Data from position analysis: \(\theta_3 = 34.18^{\circ};\, \theta_4 = 106.86^{\circ}\) \(\vec{r}_{O2A} = -0.141\hat{i} + 0.141\hat{j}\) \(\vec{r}_{AB} = 0.496\hat{i} + 0.337\hat{j}\) \(\vec{r}_{O4B} = -0.145\hat{i} + 0.478\hat{j}\) \(\vec{r}_{AC} = 0.174\hat{i} + 0.360\hat{j}\)
Resolution#
We start by finding the velocity of point A: \(\vec{v}_A = \vec{\omega}_2 \times \vec{r}_{O2A} = 2\hat{k} \times (-0.141\hat{i} + 0.141\hat{j}) = -0.282\hat{i} - 0.282\hat{j}\) m/s.
Now we write the relative velocity equation for point B: \(\vec{v}_B = \vec{v}_A + \vec{v}_{B/A} = \vec{v}_A + \vec{\omega}_3 \times \vec{r}_{AB}\) \(\vec{v}_B = -0.282\hat{i} - 0.282\hat{j} + \omega_3\hat{k} \times (0.496\hat{i} + 0.337\hat{j})\) \(\vec{v}_B = -0.282\hat{i} - 0.282\hat{j} - 0.337\omega_3\hat{i} + 0.496\omega_3\hat{j}\) \(\vec{v}_B = (-0.282 - 0.337\omega_3)\hat{i} + (-0.282 + 0.496\omega_3)\hat{j}\)
We also express \(\vec{v}_B\) from link 4: \(\vec{v}_B = \vec{\omega}_4 \times \vec{r}_{O4B} = \omega_4\hat{k} \times (-0.145\hat{i} + 0.478\hat{j})\) \(\vec{v}_B = -0.478\omega_4\hat{i} - 0.145\omega_4\hat{j}\)
Equating the two expressions for \(\vec{v}_B\): \(-0.282 - 0.337\omega_3 = -0.478\omega_4\) \(-0.282 + 0.496\omega_3 = -0.145\omega_4\)
Solving the system of two equations for \(\omega_3\) and \(\omega_4\): \(0.478\omega_4 - 0.337\omega_3 = 0.282\) \(0.145\omega_4 + 0.496\omega_3 = 0.282\)
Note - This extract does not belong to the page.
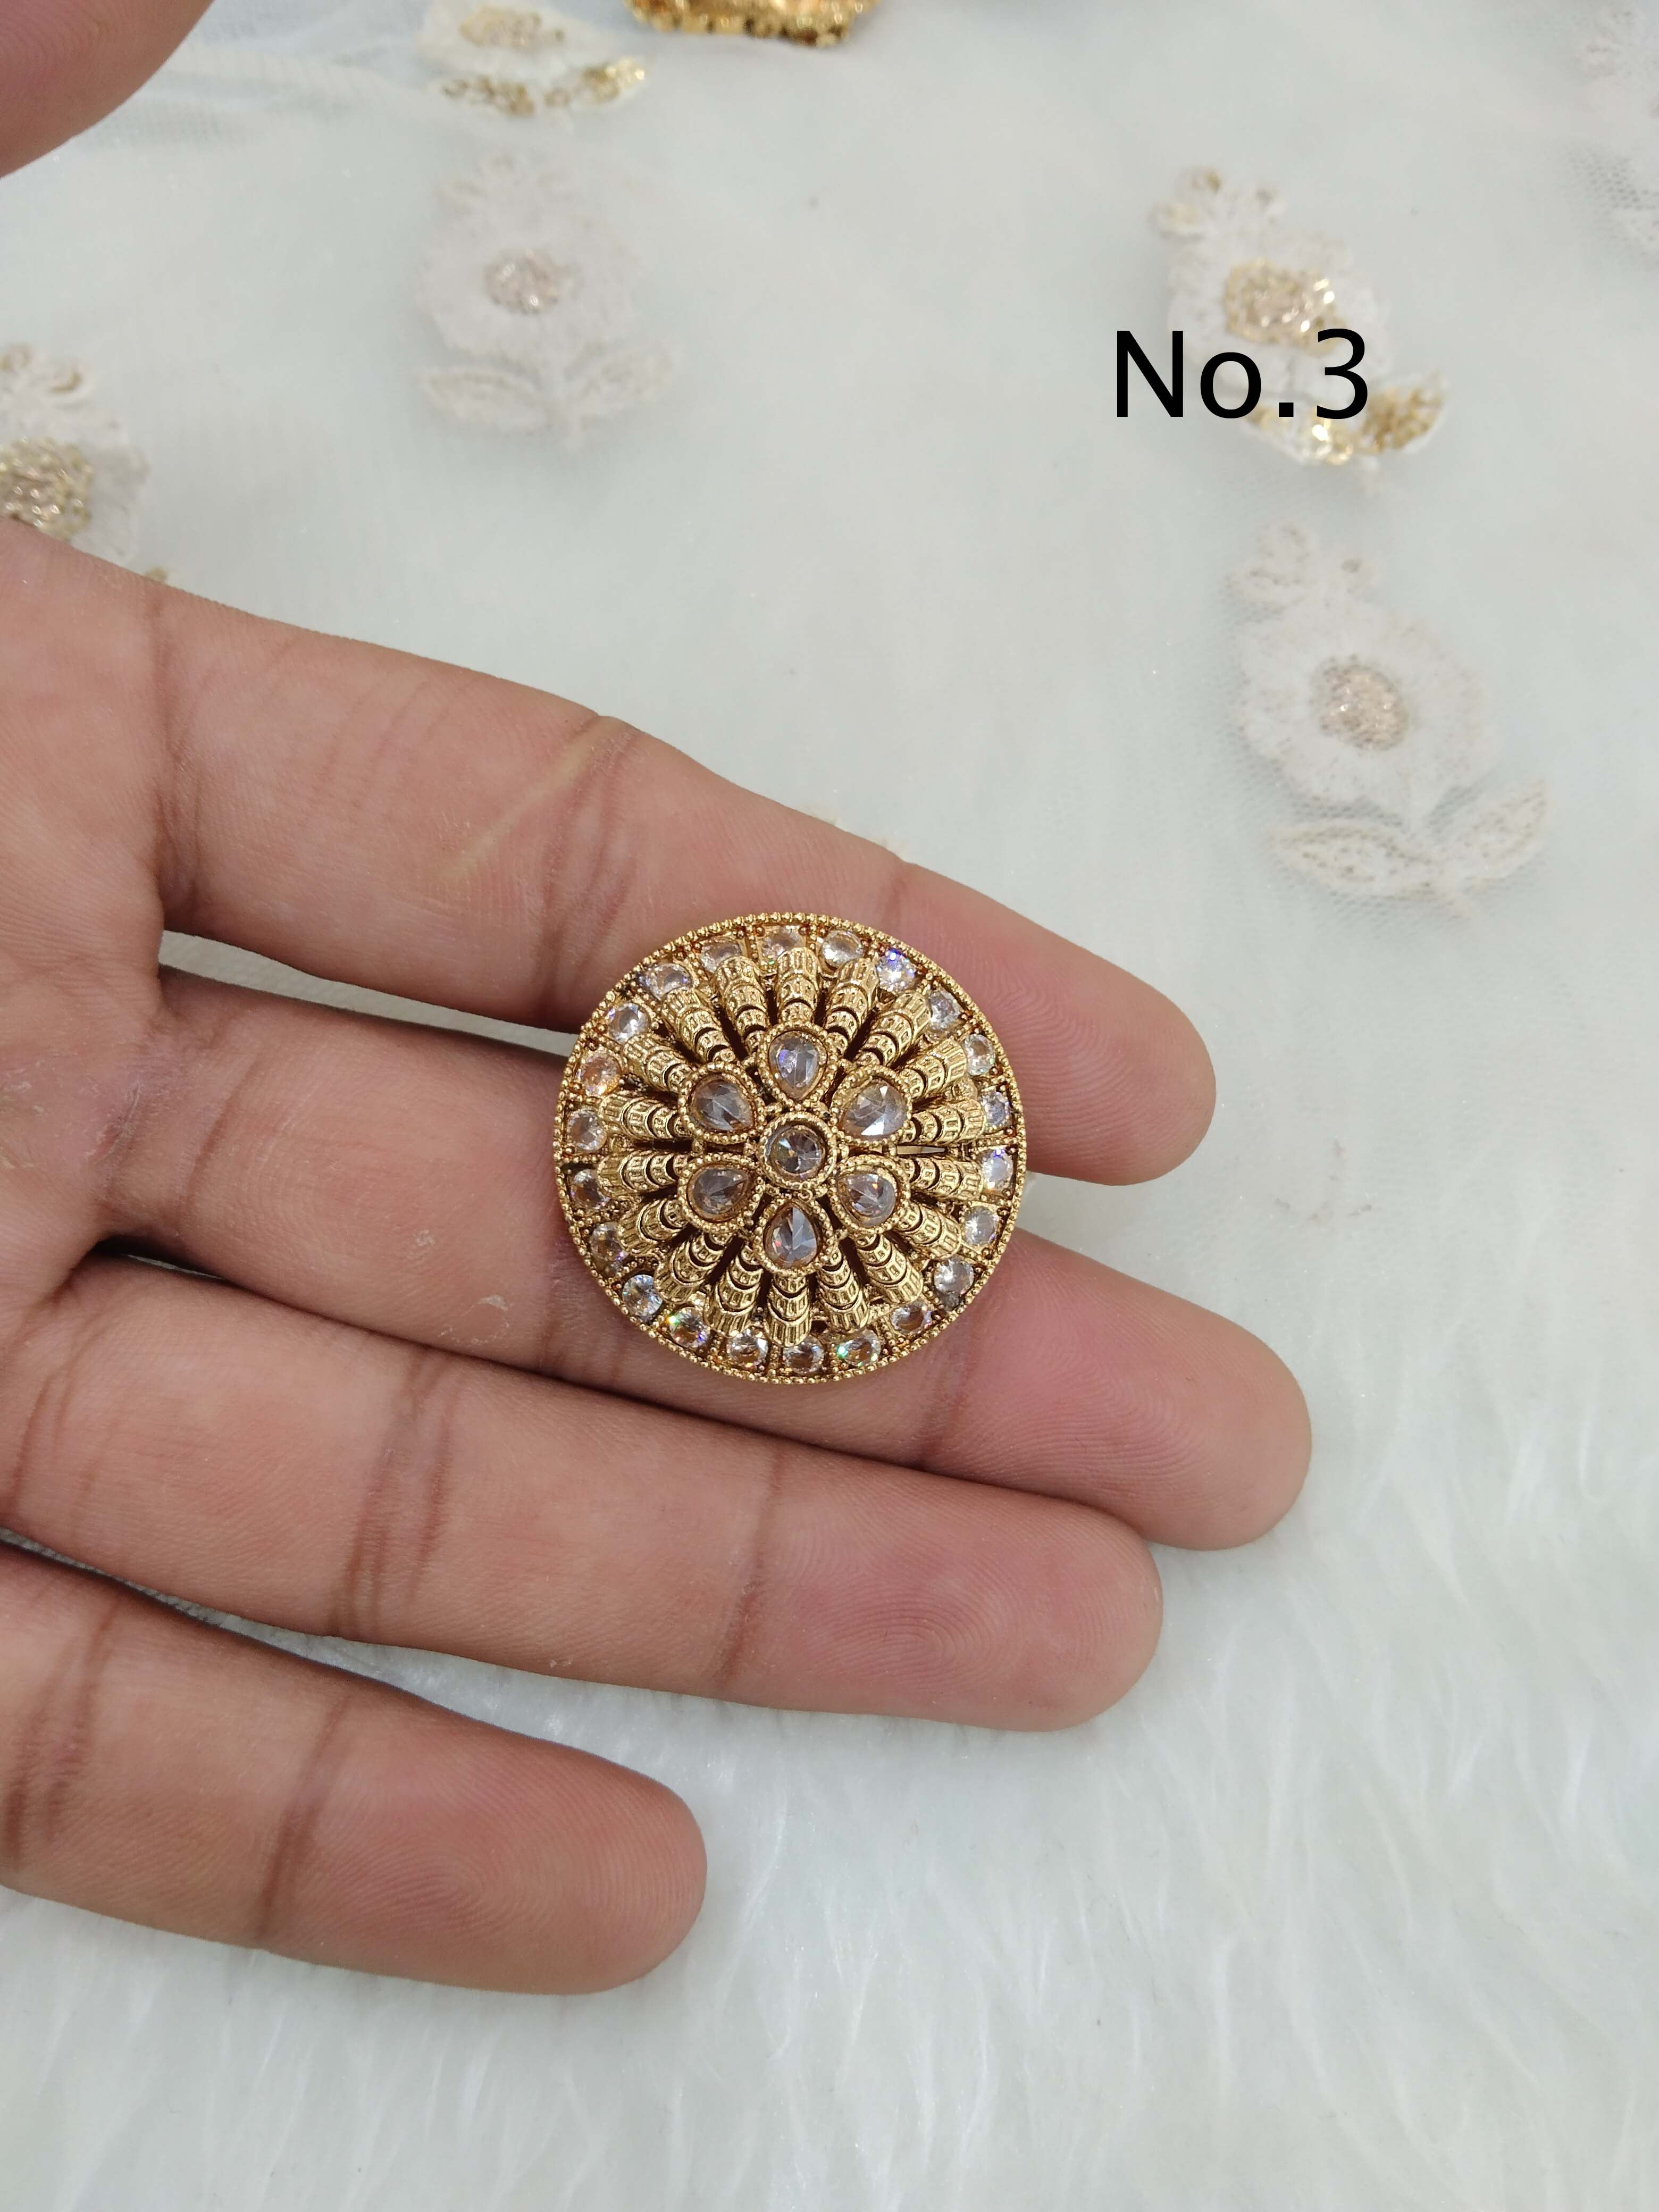 New Fashion Stainless Steel Gold Silver Color Rings for Women Irregular  Round Leaf Finger Ring Jewelry Party Gift Wholesale
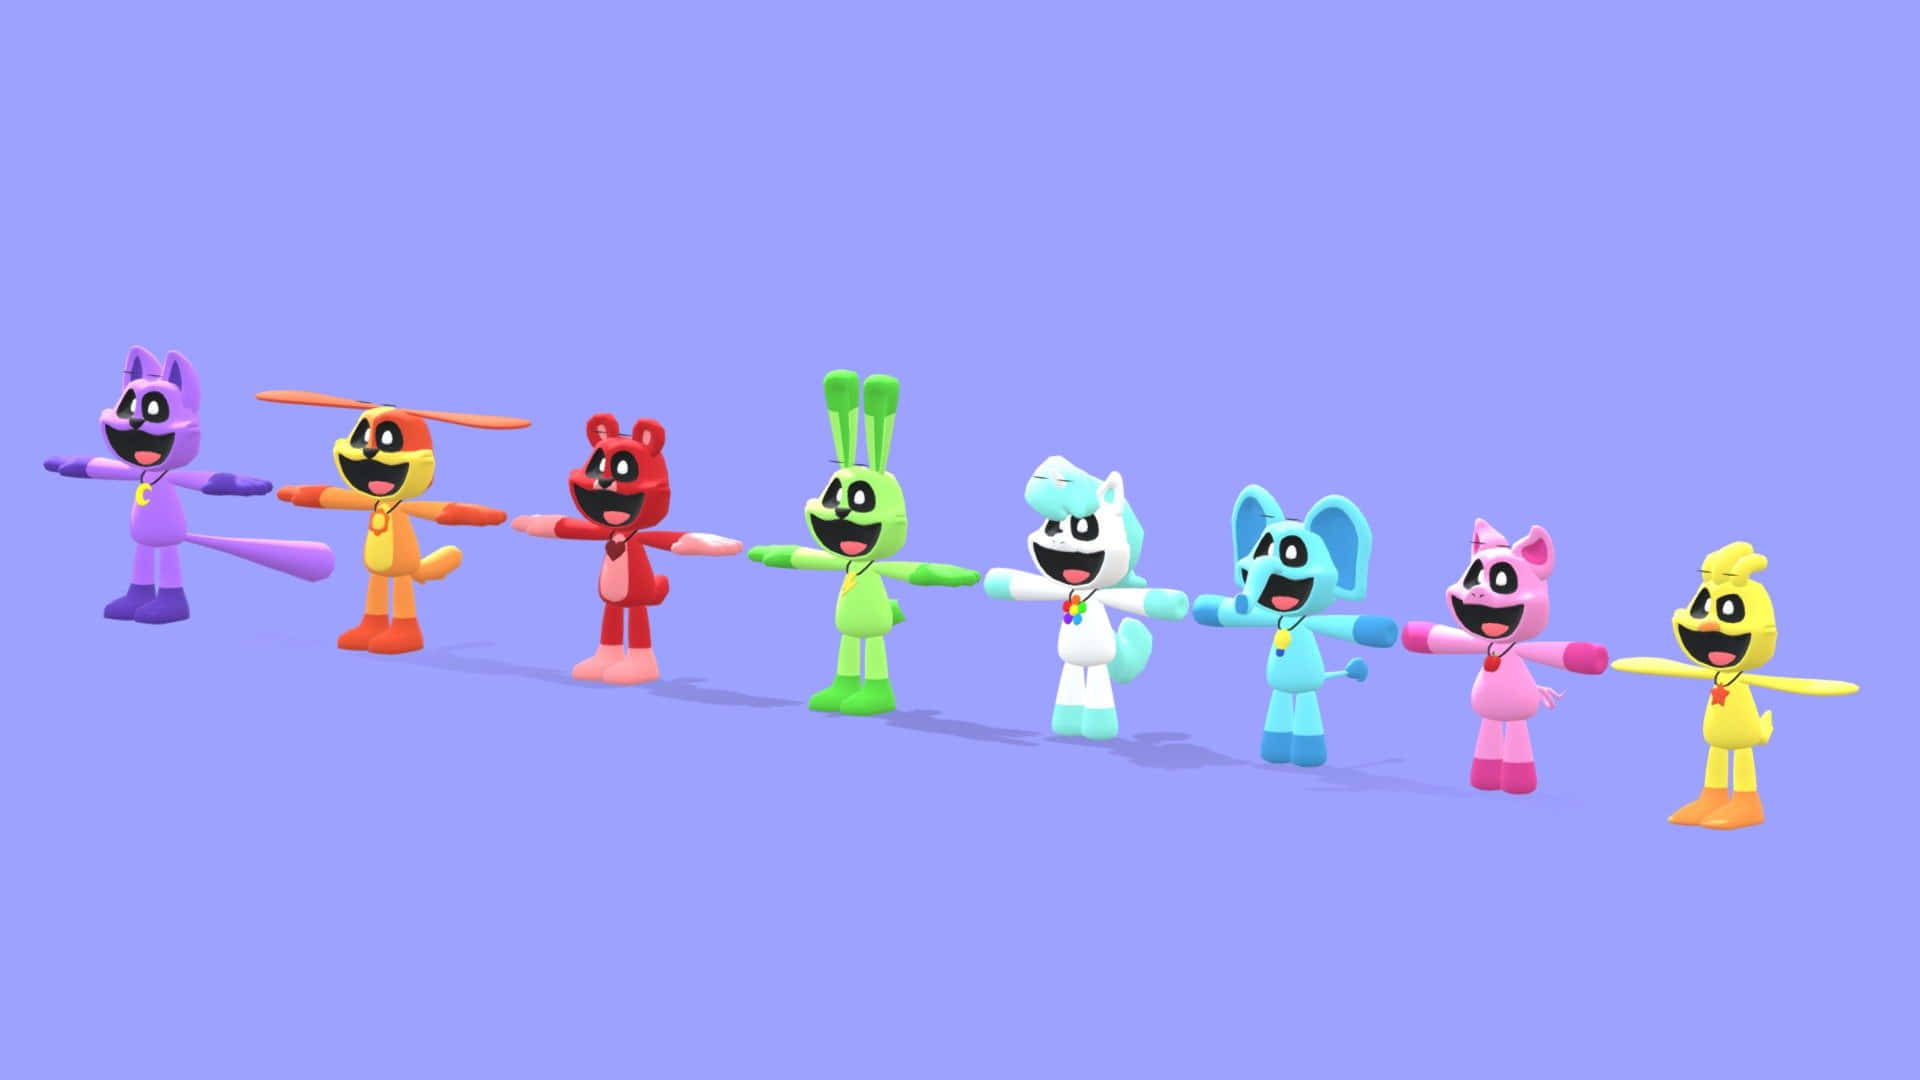 Colorful_ Animated_ Critters_ Holding_ Hands Wallpaper

This yields: \(\omega_3 = 0.328\) rad/s \(\omega_4 = 0.821\) rad/s
So, \(\vec{\omega}_3 = 0.328\hat{k}\) rad/s and \(\vec{\omega}_4 = 0.821\hat{k}\) rad/s.
Finally, we calculate the velocity of point C: \(\vec{v}_C = \vec{v}_A + \vec{v}_{C/A} = \vec{v}_A + \vec{\omega}_3 \times \vec{r}_{AC}\) \(\vec{v}_C = -0.282\hat{i} - 0.282\hat{j} + 0.328\hat{k} \times (0.174\hat{i} + 0.360\hat{j})\) \(\vec{v}_C = -0.282\hat{i} - 0.282\hat{j} - 0.118\hat{i} + 0.057\hat{j}\) \(\vec{v}_C = -0.400\hat{i} - 0.225\hat{j}\) m/s.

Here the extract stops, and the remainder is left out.